Getting used to the wild and unruly Albanian capital
12/11/2013 12:00 AM
12/11/2013 10:23 AM
Editor’s note: Carolyn Stevens spent a month in Albania to sing in the premiere of the opera “Tannhhäuser” by Richard Wagner.
It took me a while to get used to the sounds of the city. The tall apartment buildings echoing every noise, children screaming in the school, the calls to prayer at the mosque, the bells of the Orthodox cathedral, car alarms, street hawkers and a rooster’s incessant crowing. Albania’s capital Tirana is colorful, bustling and full of personality.
Albania, to me, seems a little unruly, as if it is still trying to figure itself out. But it is full of enthusiasm and potential. It has a fascinating history, having spent thousands of years conquered and occupied by every major empire, including the Greeks, Romans and Ottoman-Turks. The country’s national hero, George Kastrioti (more commonly known as Skanderbeg), defended his country against the Ottoman-Turks for 25 years almost single-handedly until he died of malaria. Albania gained its independence 101 years ago this Thanksgiving, thanks to the intervention of U.S. President Woodrow Wilson. The independent Albania has been led by a series of kings and governments until it came under the rule of dictator Enver Hoxha, whose regime kept it isolated from the world until 1992.

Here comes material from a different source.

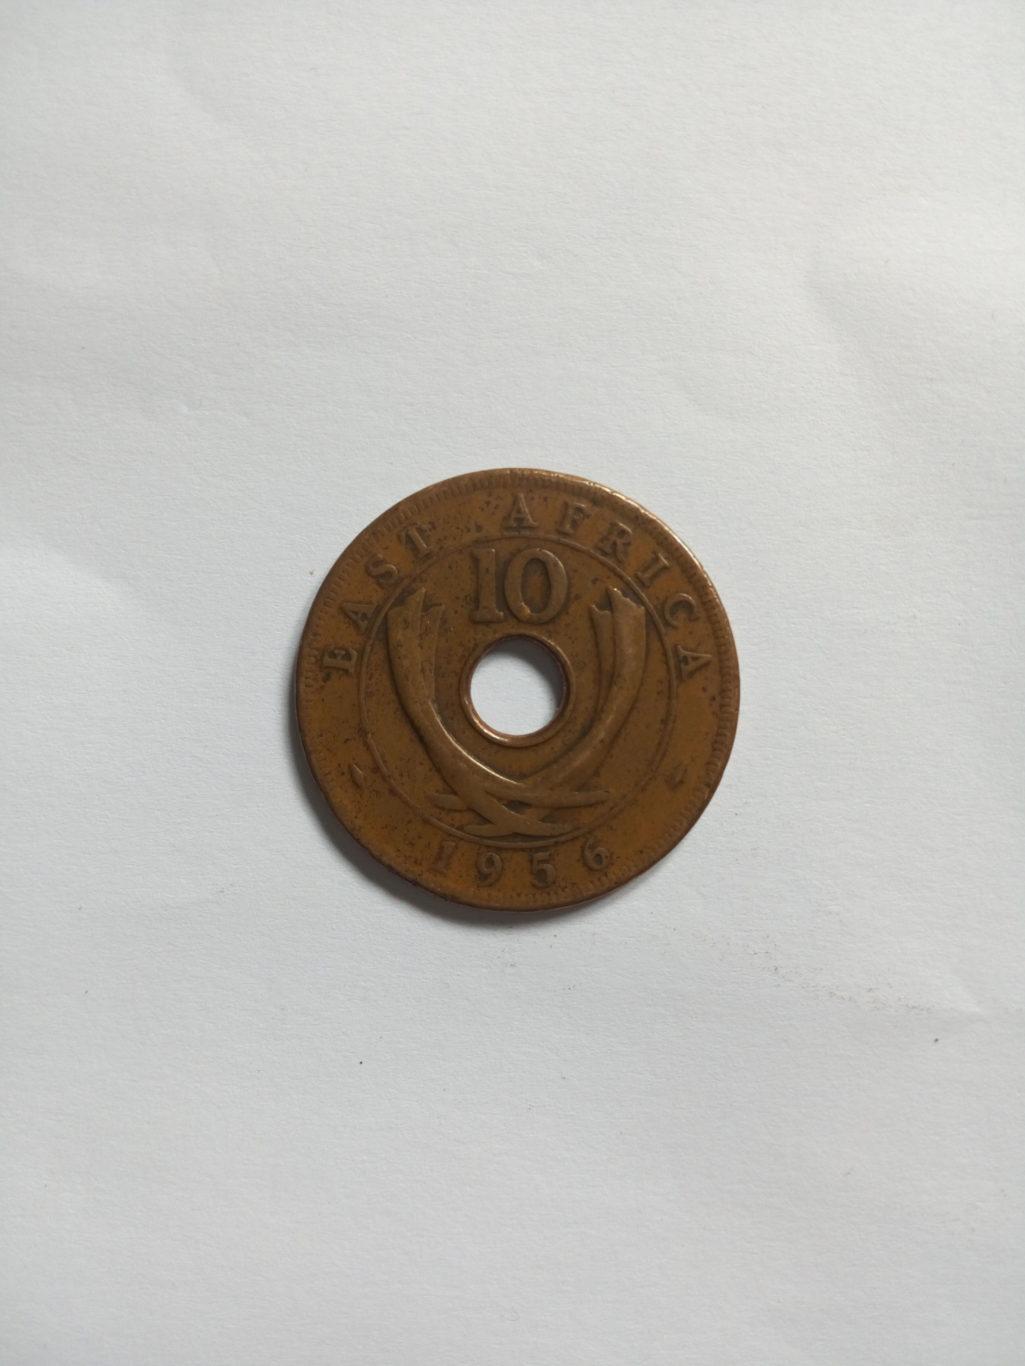 1956_Queen Elizabeth the second  10 cent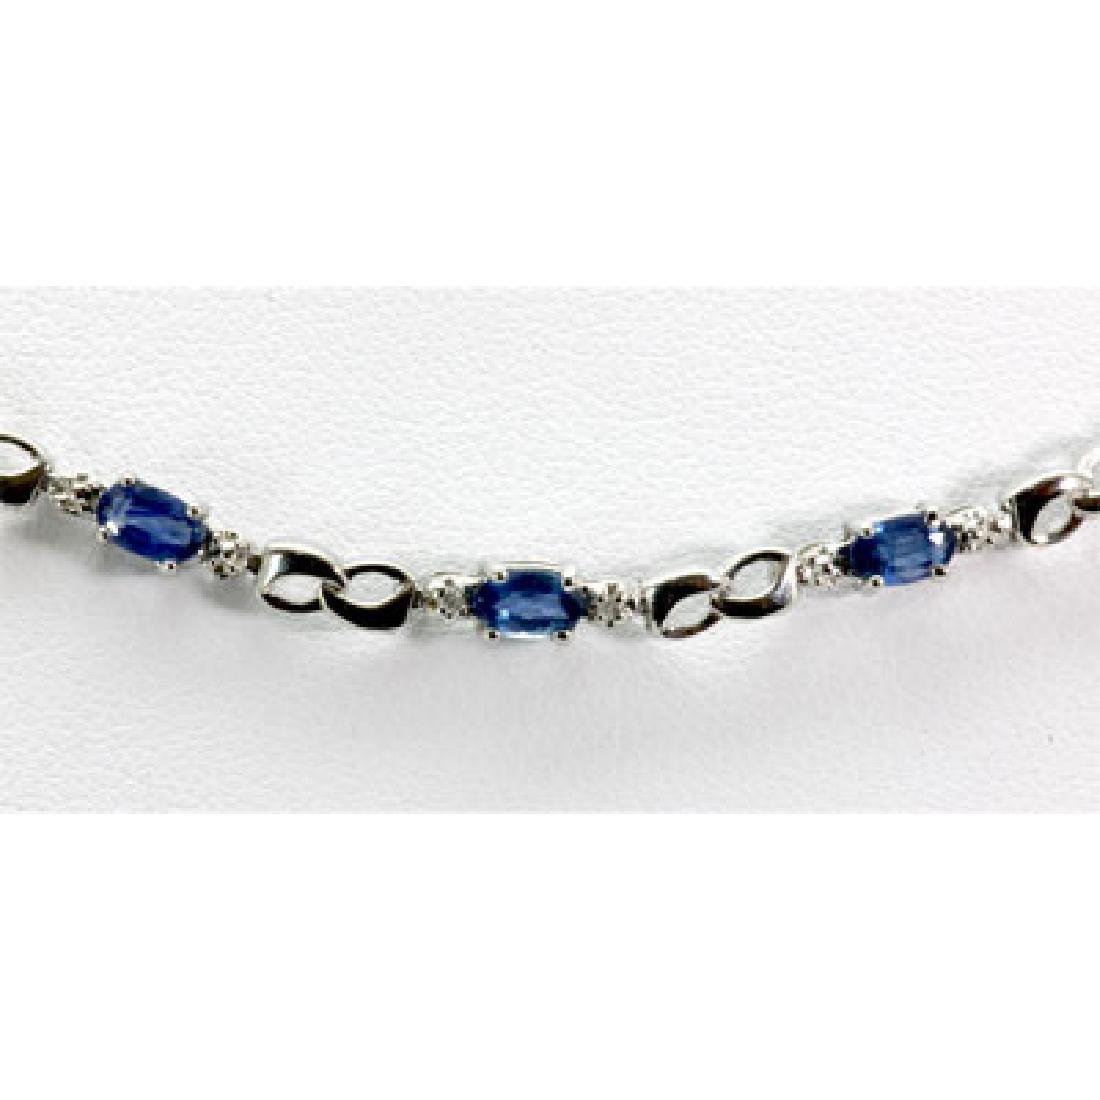 Genuine 4.62 ctw Tanzanite Diamond Necklace10k W/Y Gold - 2

Since then, the country has had unrestrained capitalism, which is evident everywhere. In the midst of old, tile-roofed homes spring up hulking apartment buildings, some left unfinished because money ran out.
Also apparent is how far Albania has come as a democracy. Albania made international news for its refusal to host the destruction of Syria’s chemical weapons. Protests raged in and around Tirana for weeks prior to the refusal. I watched the entire country come together to make its voice heard.
The language barrier was a bit of a problem for me. Most Albanians speak their native language and either Italian or English, and I was singing in a German opera with people of many nationalities. Fortunately, I was usually able to get by OK with my one chapter of Rosetta Stone Italian, six or so words of Albanian and good, though rusty, German. It is amazing how quickly it becomes completely normal to speak three to four languages in day.
Our entire trip was one wild ride after another, especially as we got close to the premiere of “Tannhäuser.” Two days before opening, we did not know if we had costumes. A few days before that, we were not sure if we would have projections and a painted set. No one was able to try out makeup or wigs until opening night. No publicity was done until five days before the performances.
But somehow, with the help of a news conference and a few all-nighters, we found ourselves on stage, singing our hearts out in front of a sold-out audience (including the German ambassador and 10 people from the U.S. Embassy) and national television cameras from the Republic of Kosovo.
We had a very successful run, punctuated by television interviews, minor emergencies and most of the cast getting sick (I spent most of the last performance huddled in my dressing room with the flu).
So, did our efforts really contribute to the cultural reintegration of Albania? I don’t know, but I am lucky to have had such a fascinating, wonderful experience. When the curtain went down on opening night, the people in the crowd were cheering but the ones on stage were crying and cheering even louder.